Im Wortlaut war die Ampelkoalition mit dem Versprechen der Gesundheitsförderung angetreten: „Wir entwickeln das Präventionsgesetz weiter und stärken die Primär- und Sekundärprävention“, heißt es im Koalitionsvertrag.
Mehr Prävention wagen
Und wo könnte die Politik ein besseres Vorbild für präventive Medizin finden als in der Zahnmedizin. Die Patienten kommen regelmäßig auch ohne Beschwerden – zur Kontrolle. Die Bema-Positionen 01 „Untersuchung“ und Ä1 „Beratung“ sind mit Abstand die häufigsten Abrechnungsziffern. Die GKV übernimmt die Kosten für die Verhütung von Zahnerkrankungen in Form der Gruppen- und Individualprophylaxe, für Früherkennungsuntersuchungen bis zum 6. Lebensjahr, für zahnärztliches Präventionsmanagement bei Pflegebedürftigen oder Menschen mit Behinderungen und für zusätzliche Leistungen im Rahmen der aufsuchenden Versorgung. Zudem verpflichtet der Gesetzgeber die Vertragszahnärzte zum Abschluss von Kooperationsverträgen mit stationären Pflegeeinrichtungen. Dazu kommt der Meilenstein der Aufnahme der präventionsorientierten Parodontitistherapie in den GKV-Leistungskatalog – jedenfalls bis zum Zeitpunkt seiner widersinnigen Budgetierung unter Lauterbach durch das GKV-FinStG.

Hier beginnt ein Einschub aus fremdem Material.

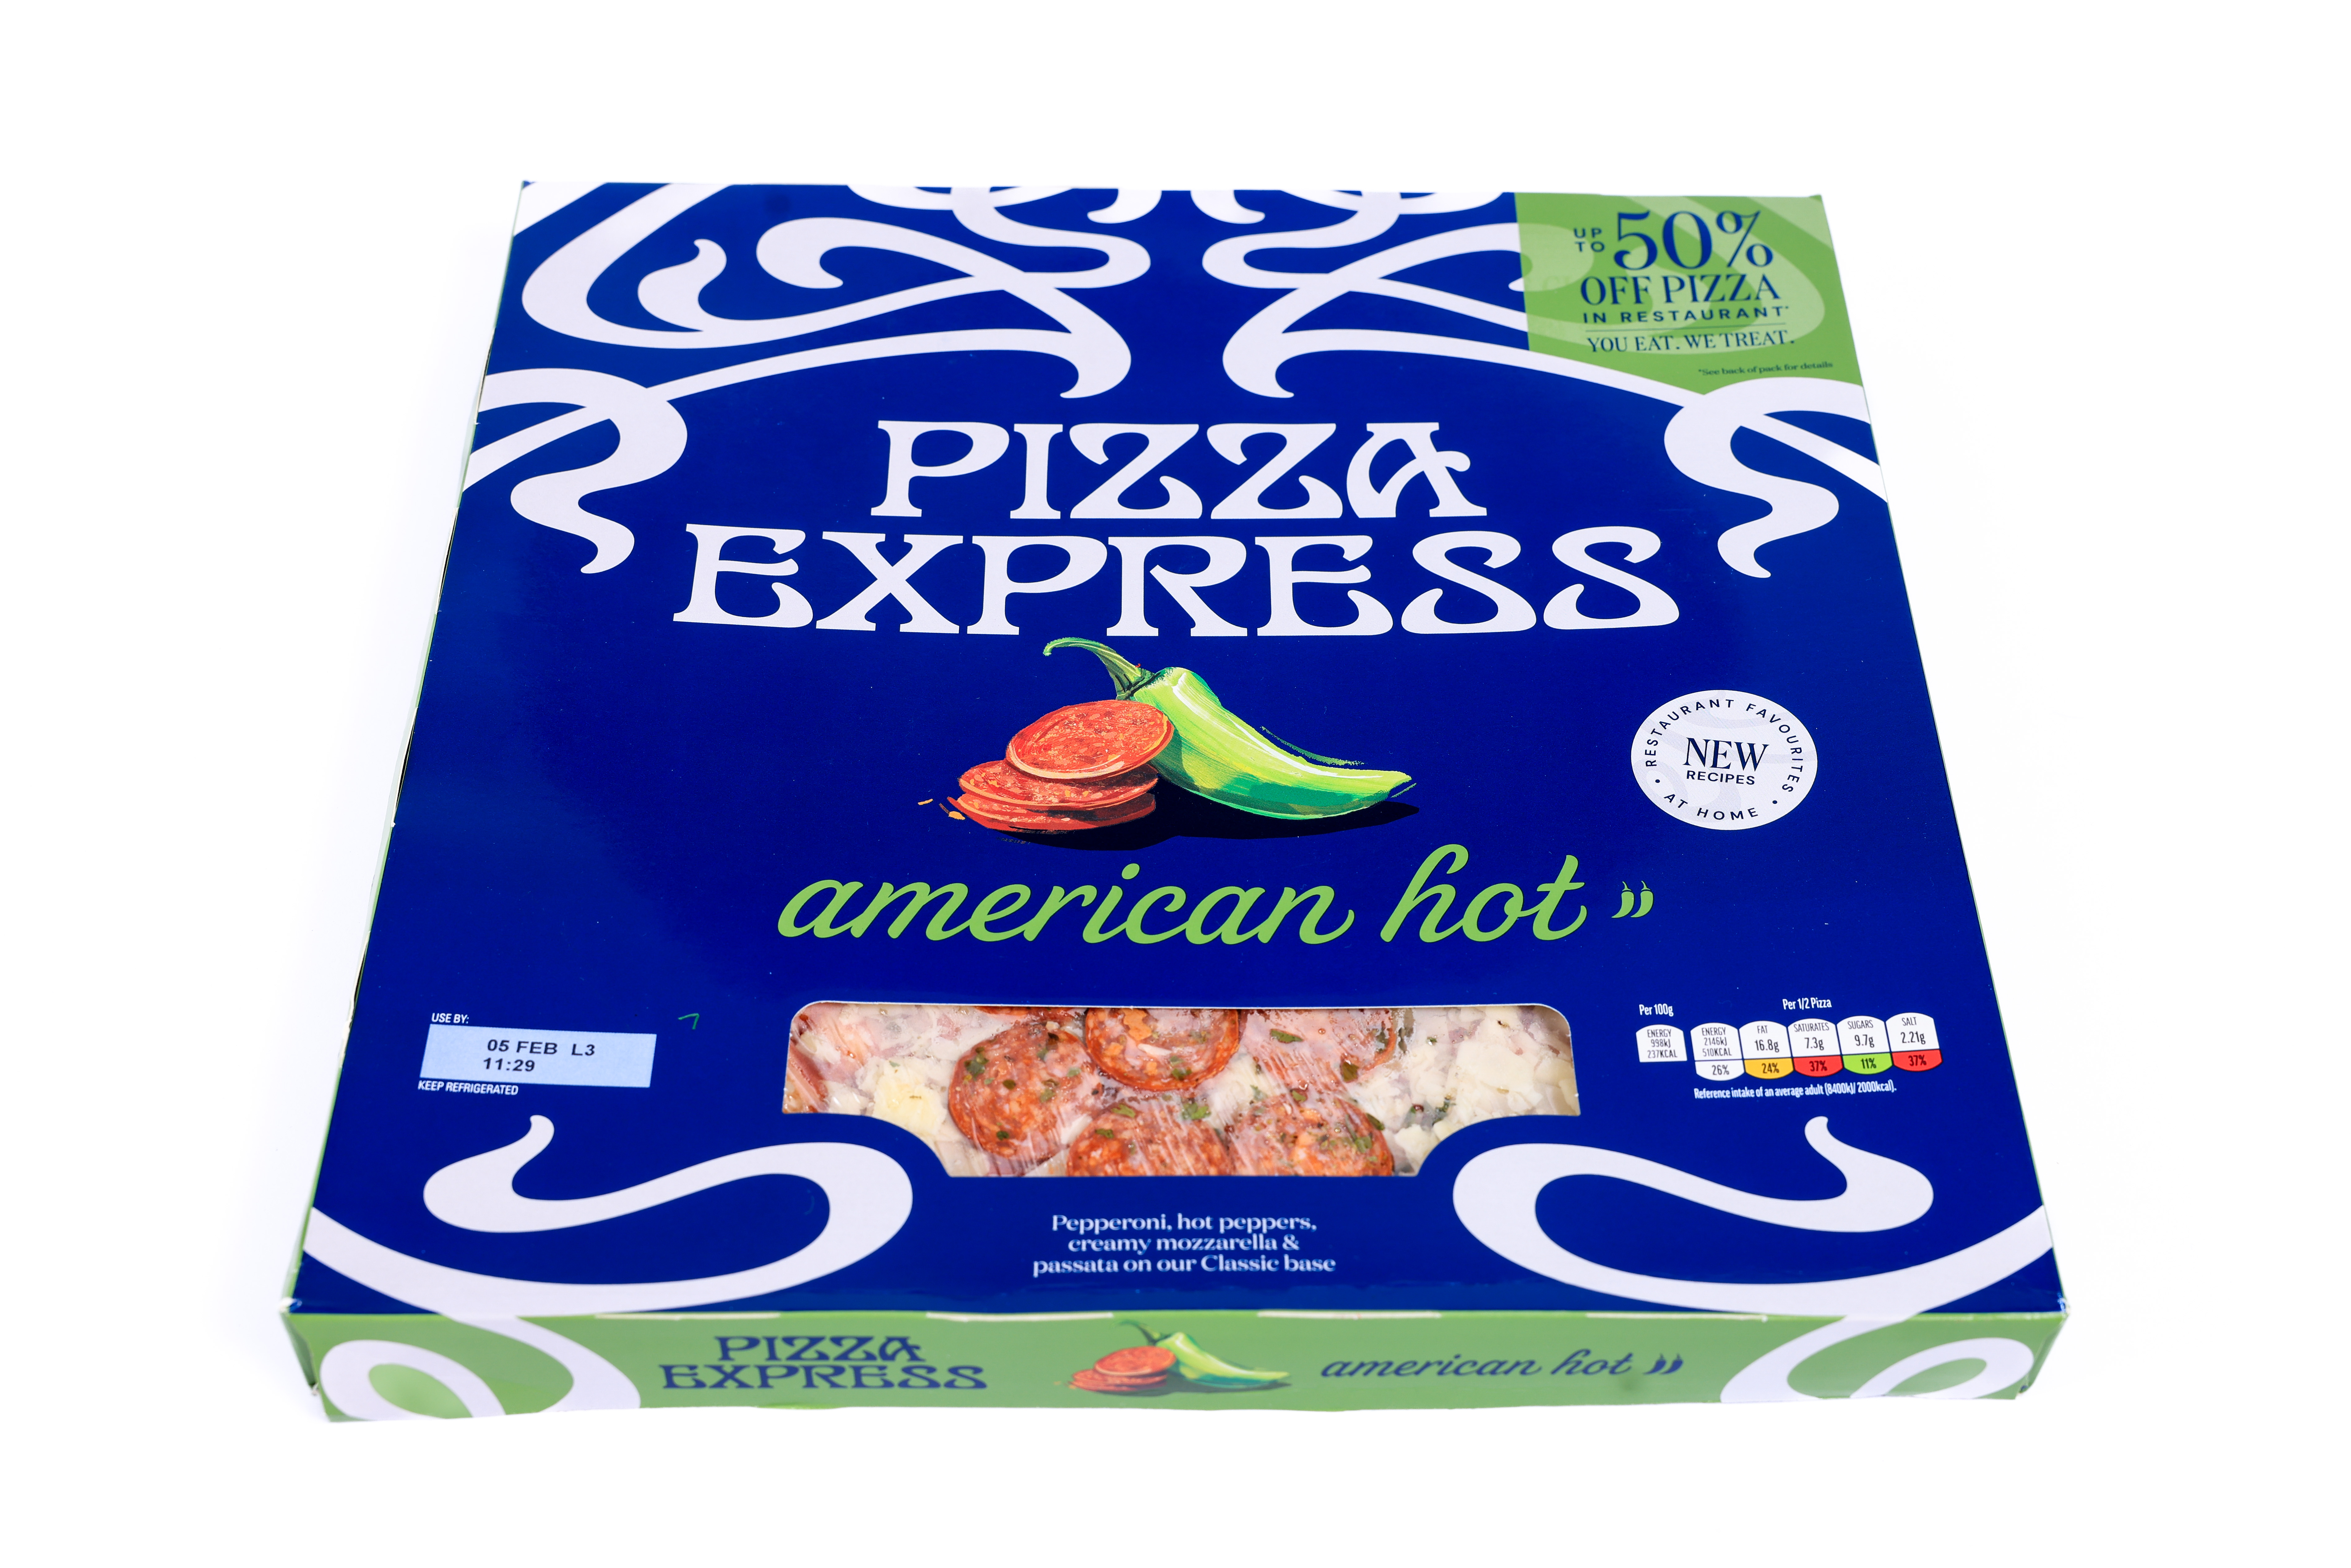 Eine Pizza Express American Hot Pizza kostet bei sainsburys.co.uk 6 £

Ja, Prävention kostet im ersten Moment Geld, im zweiten spart sie aber mehr als sie kostet und hat den wunderbaren Vorteil, dass Menschen gesünder bleiben. Also Herr Lauterbach, lassen Sie sich an den Taten messen, nicht an schönen Worten und heben Sie die PAR-Budgetierung auf.